WORK TASK: Give all of the listing again word for word, with images excluded.

DATASET EXCERPT:
_ _ _ _ _

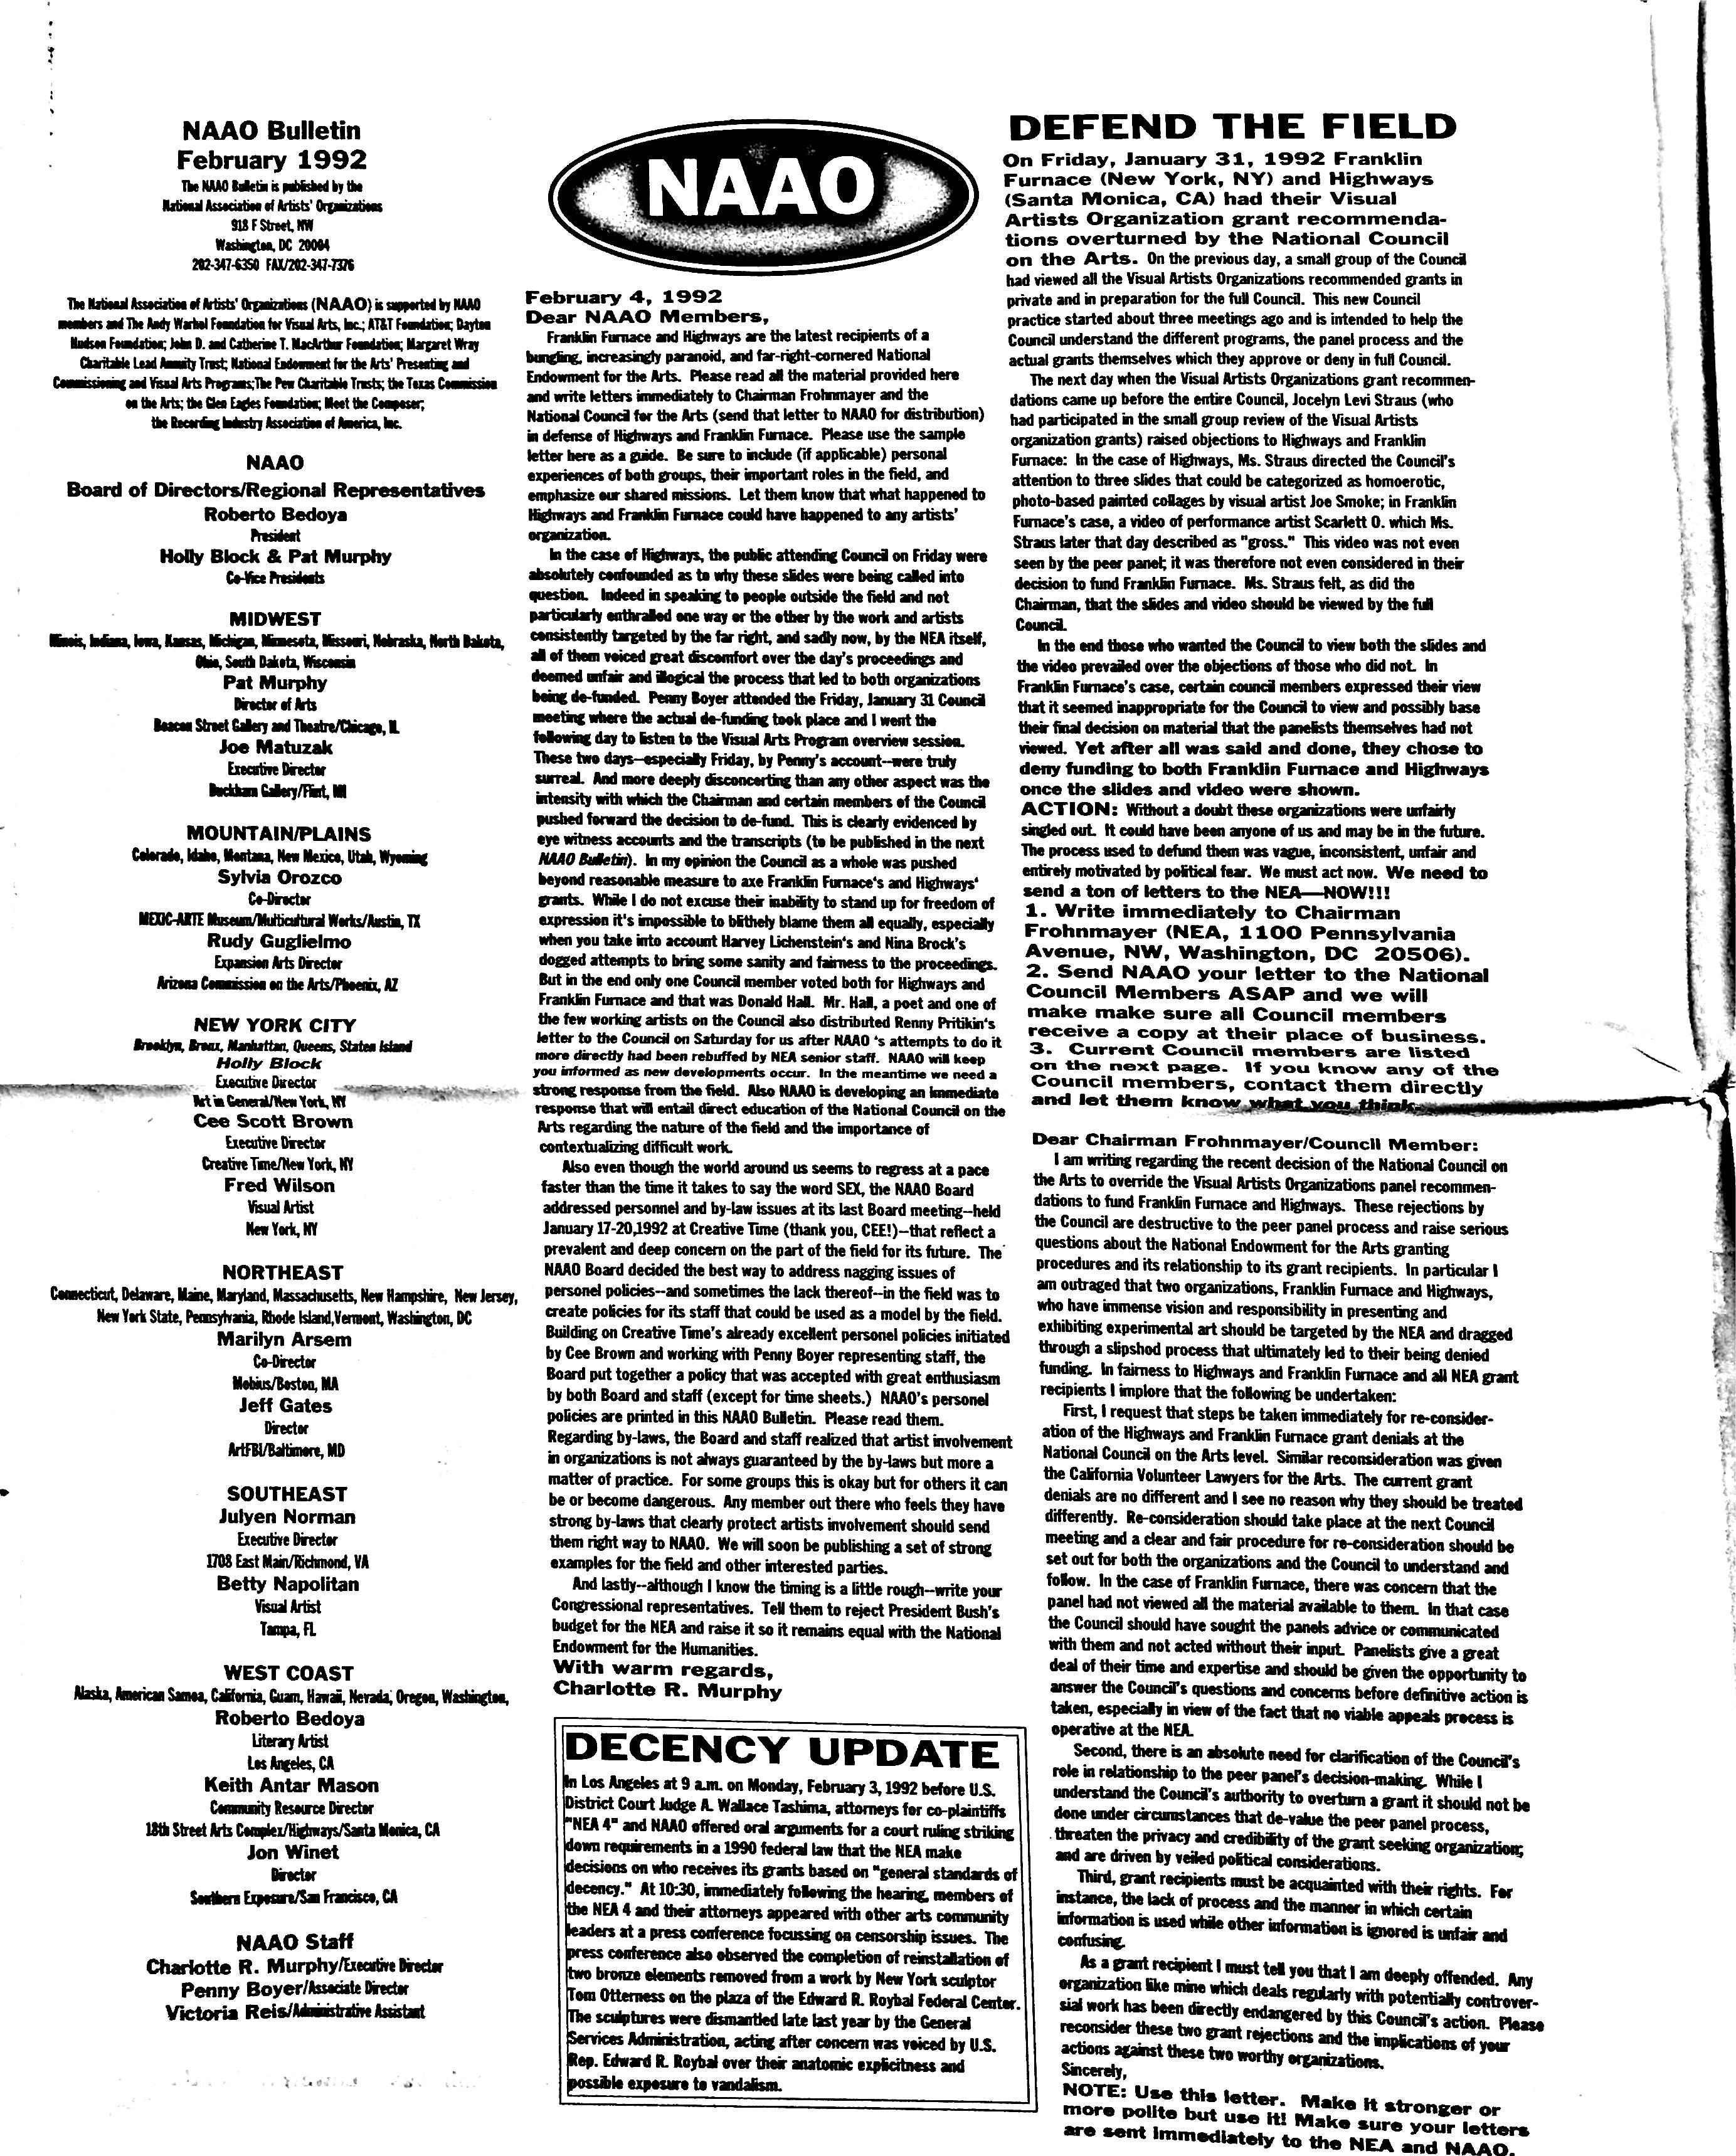 February 1992 - NAAO Bulletin Page 2.jpg
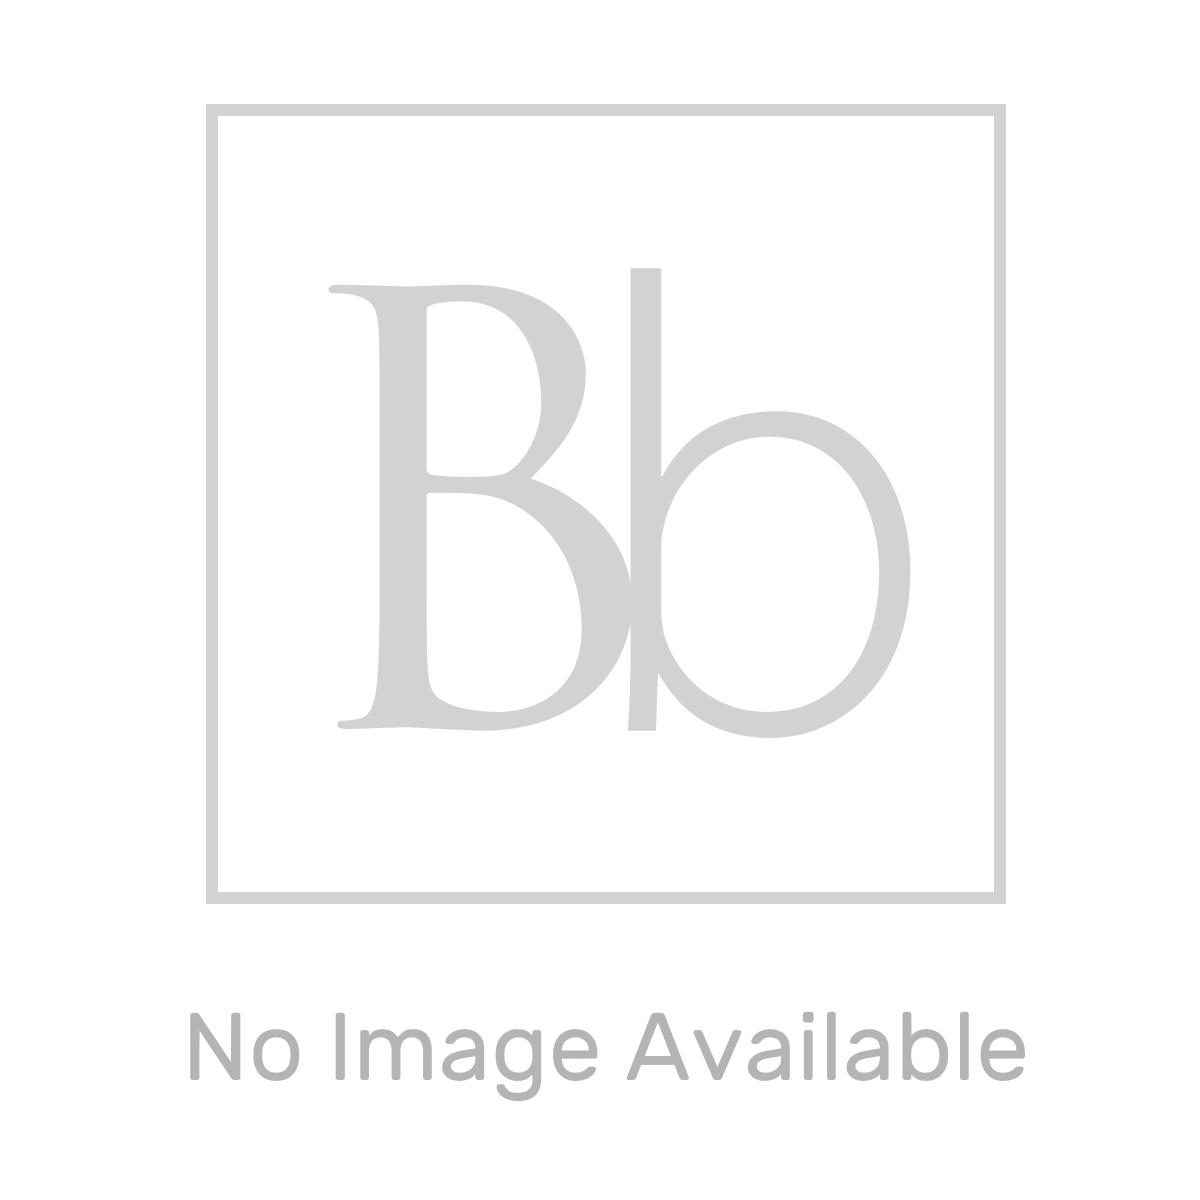 Sink on top of toilet
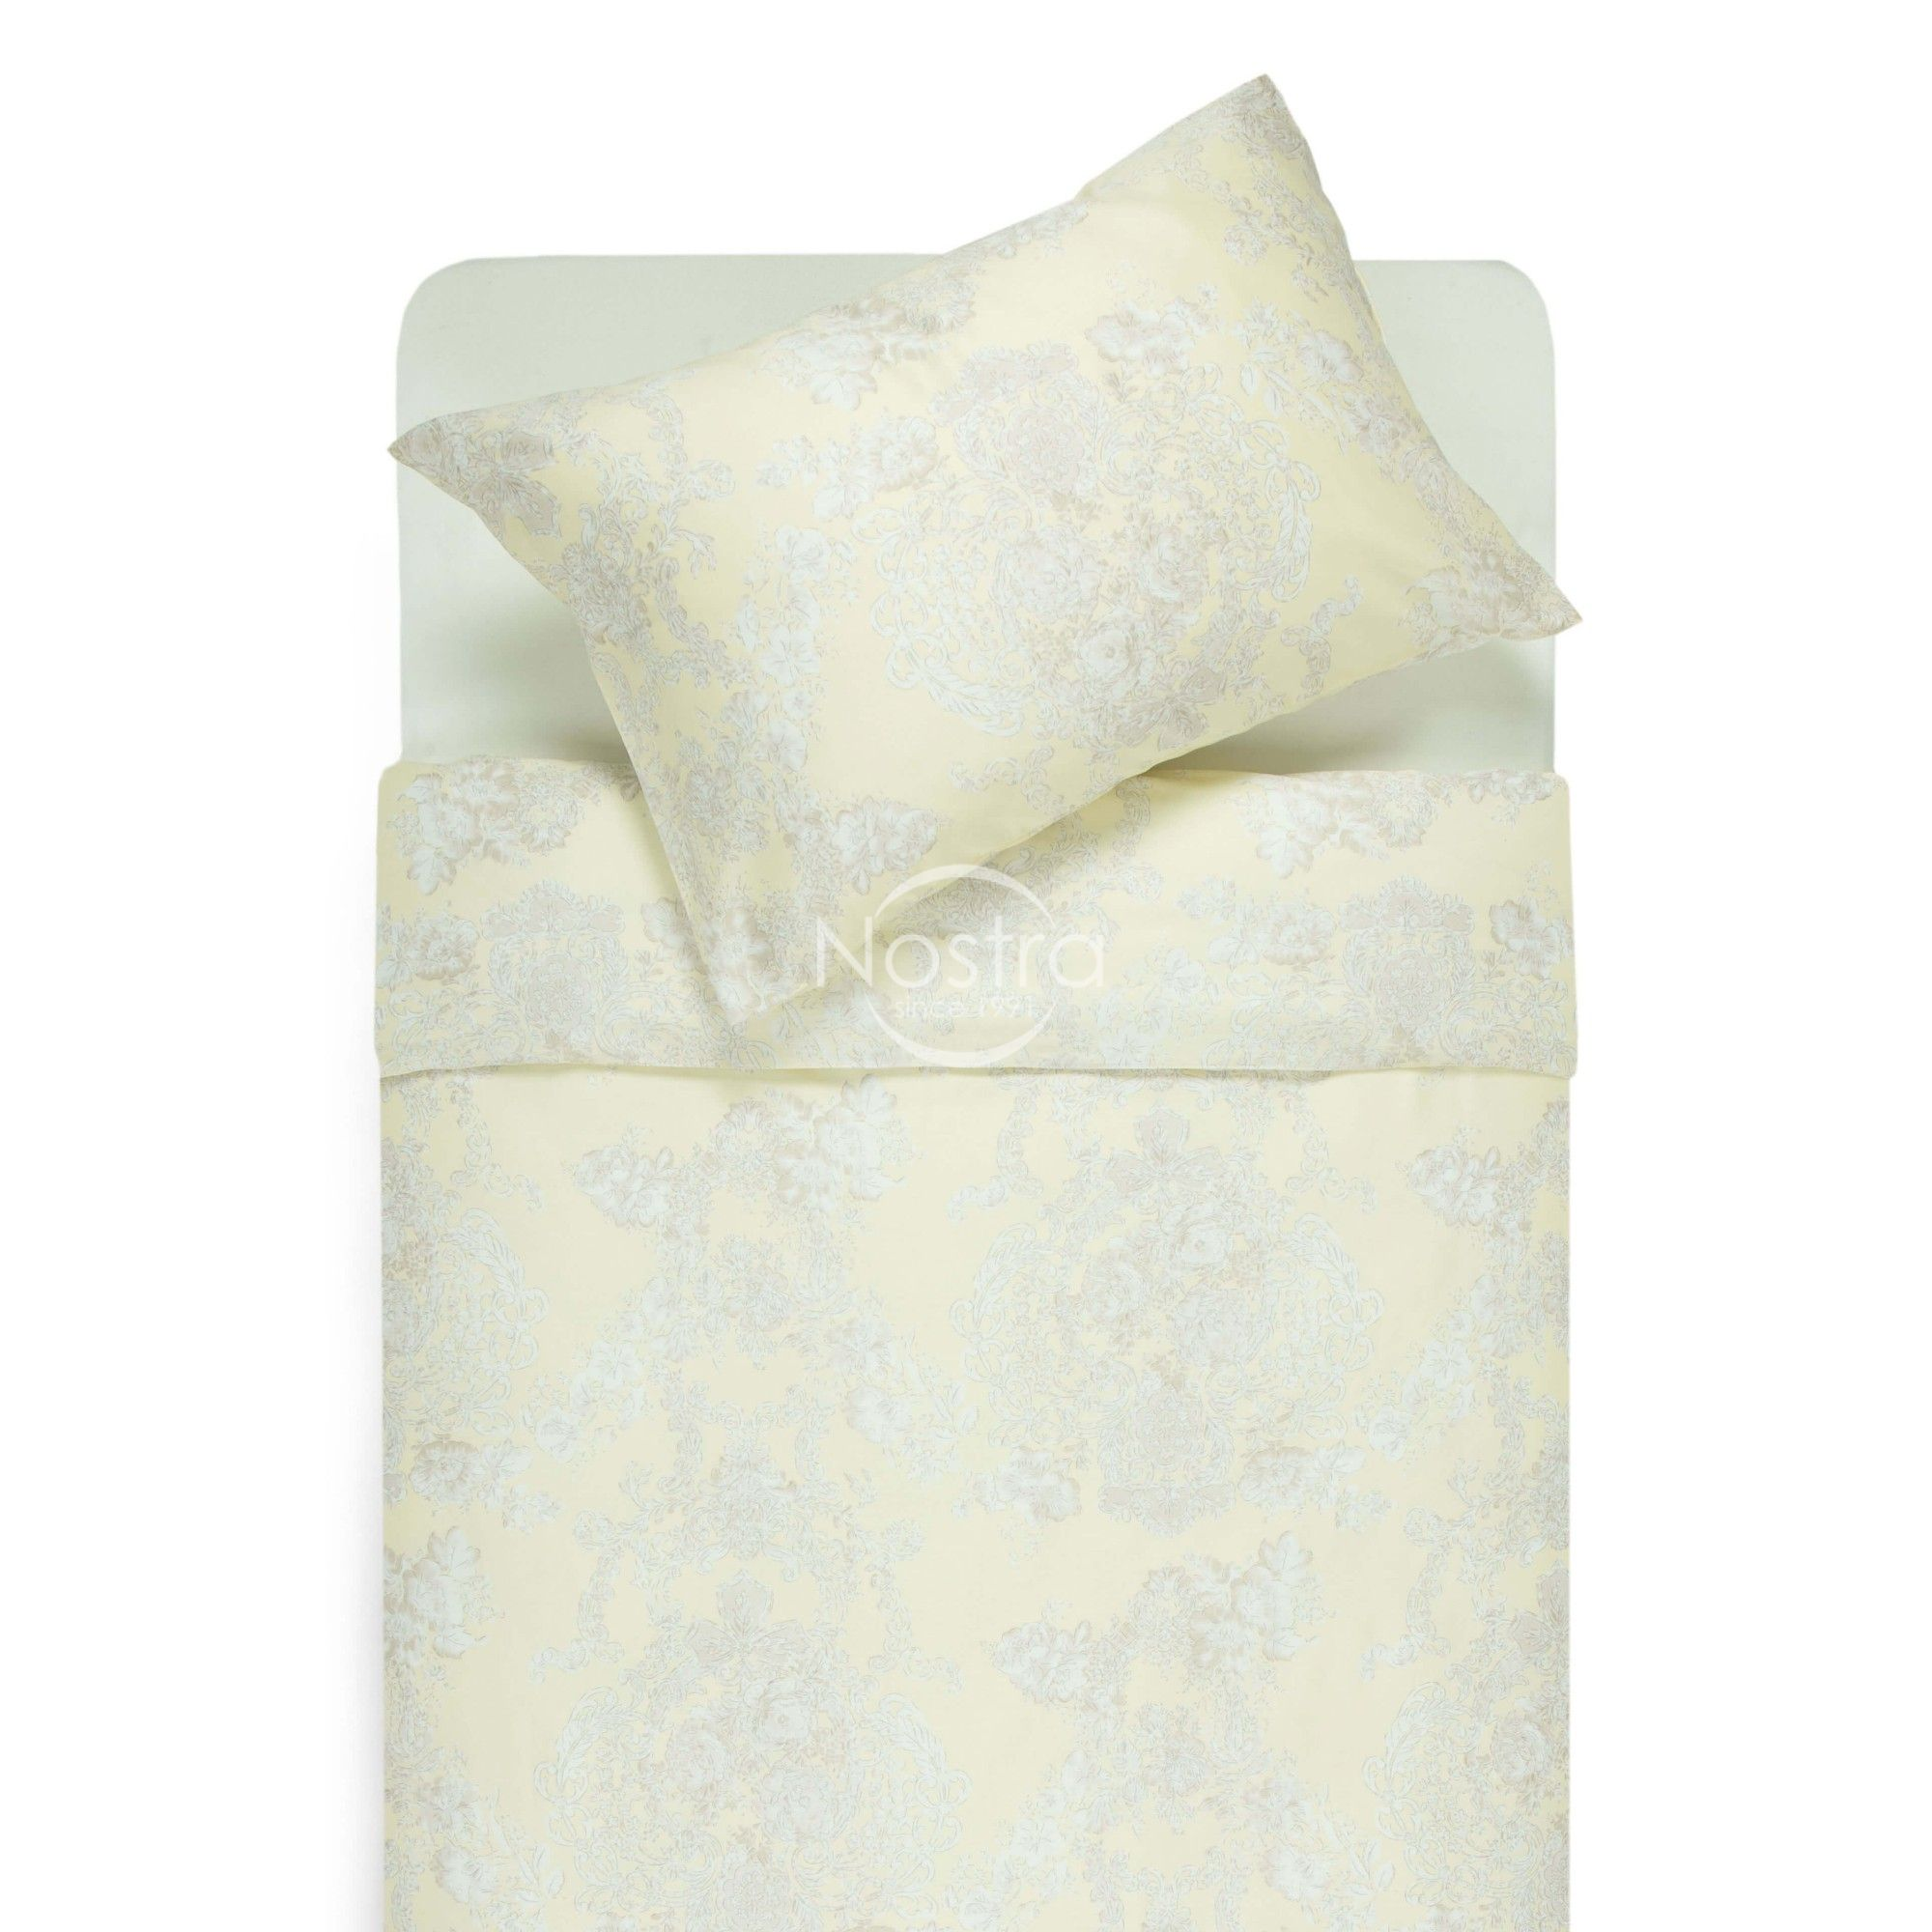 Mako satīna gultas veļa CECILIA 40-0876-BEIGE

_ _ _ _ _

TASK OUTPUT:
 February 1992 - NAAO Bulletin Page 2.jpg
 Sink on top of toilet
 Mako satīna gultas veļa CECILIA 40-0876-BEIGE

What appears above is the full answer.